From: John Evans (no email)
Date: Tue May 15 2007 - 13:30:01 EDT
On Tue, 15 May 2007, Lars Johansen wrote:
> Hi we have a setup with postfixadmin and virtual users.. everything
> works great, but we have one issue.
>
> We want to use a 3rd party spam service provider.. but we dont want to
> set our MX records to them..
>
I work for one of those "third party spam service providers" (no, I can't
which one, sorry.)
If you receive all of your email, forward it to a 3rd party, ask them to
filter it, and send legitimate mail back to you, you're going to be
blowing a huge amount of bandwidth. You'll be sending spam messages
through your pipe at least twice, and legitimate mail through at least
three times.
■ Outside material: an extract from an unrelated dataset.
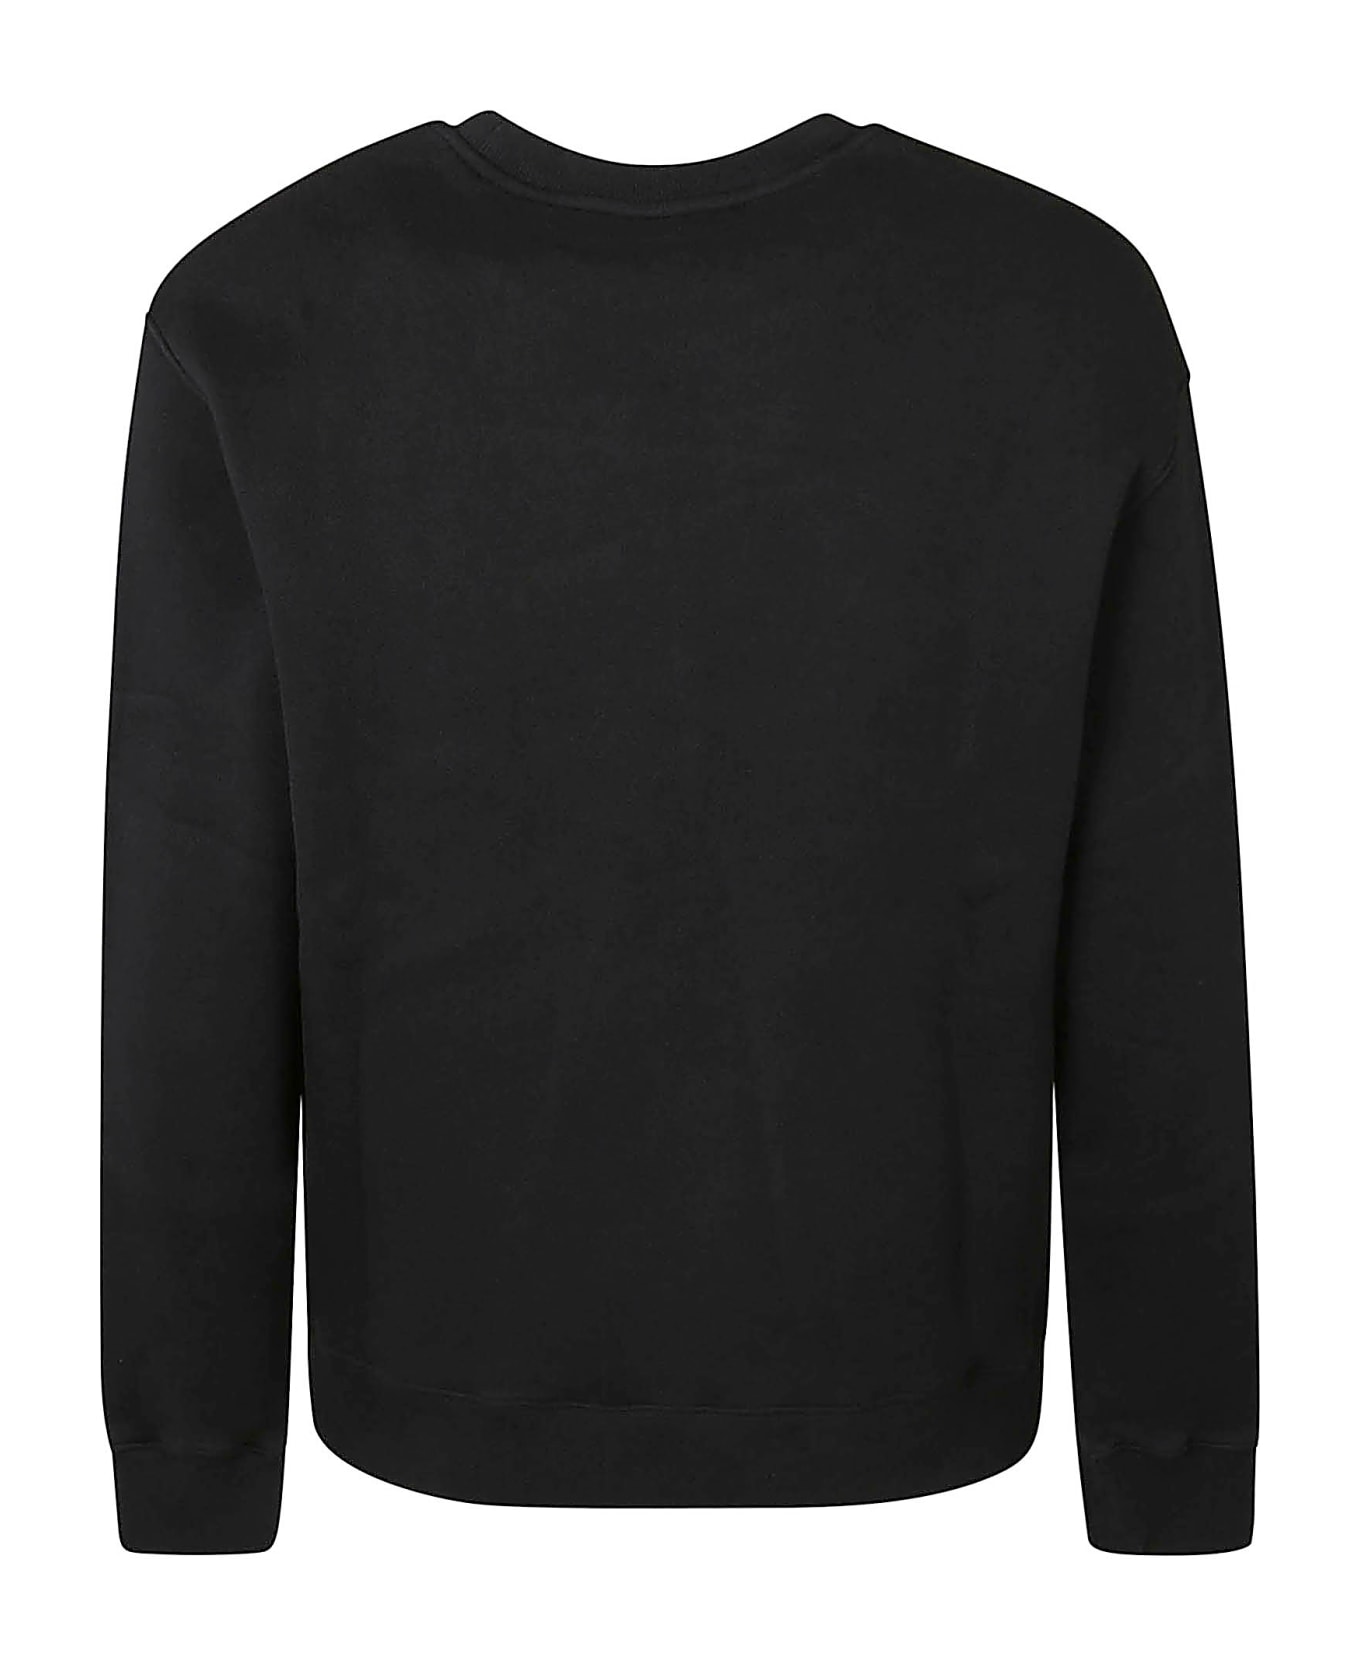 Maison Kitsuné Black Cotton Sweatshirt - Nero
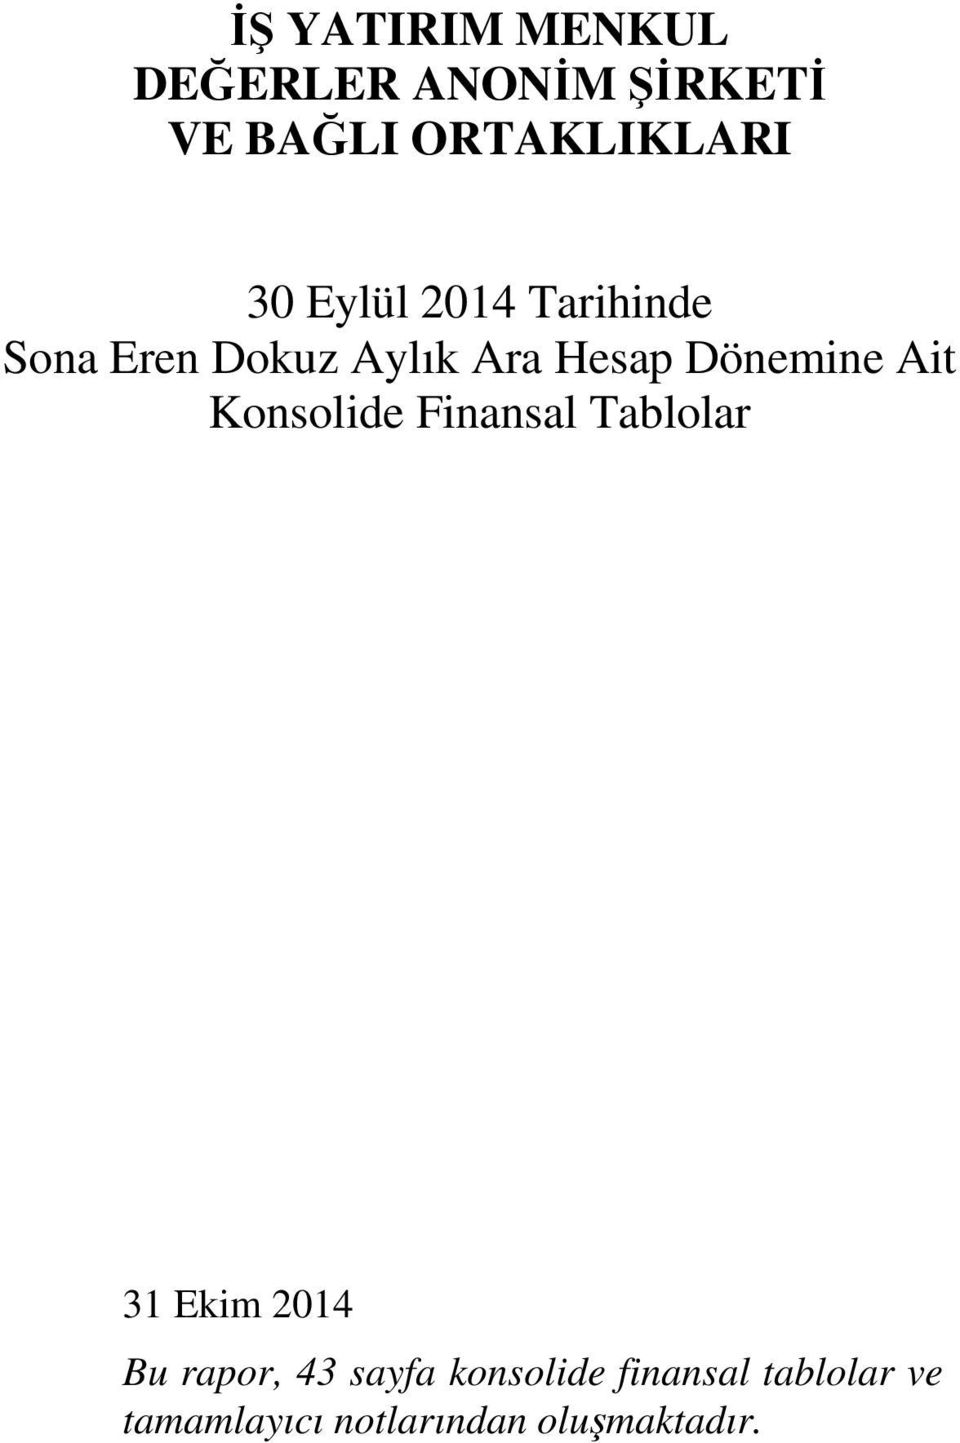 Ait Konsolide Finansal Tablolar 31 Ekim 2014 Bu rapor, 43 sayfa

Not a good idea.
Also, most third part spam service providers use some form of IP
reputation schema. This means that you will be sending all of your mail
flow (including spam) to them, and this will poison their IP reputation
database AGAINST you. This means that they will start to consider all
messages that come from you as spam, and this will skew their results. In
the end, they will most likely start blocking legitimate mail just based
on the reputation of your IP address.
> The thing we want is to be able to filter all mail that does not come
> from this 3rd party.. and redirect it to them..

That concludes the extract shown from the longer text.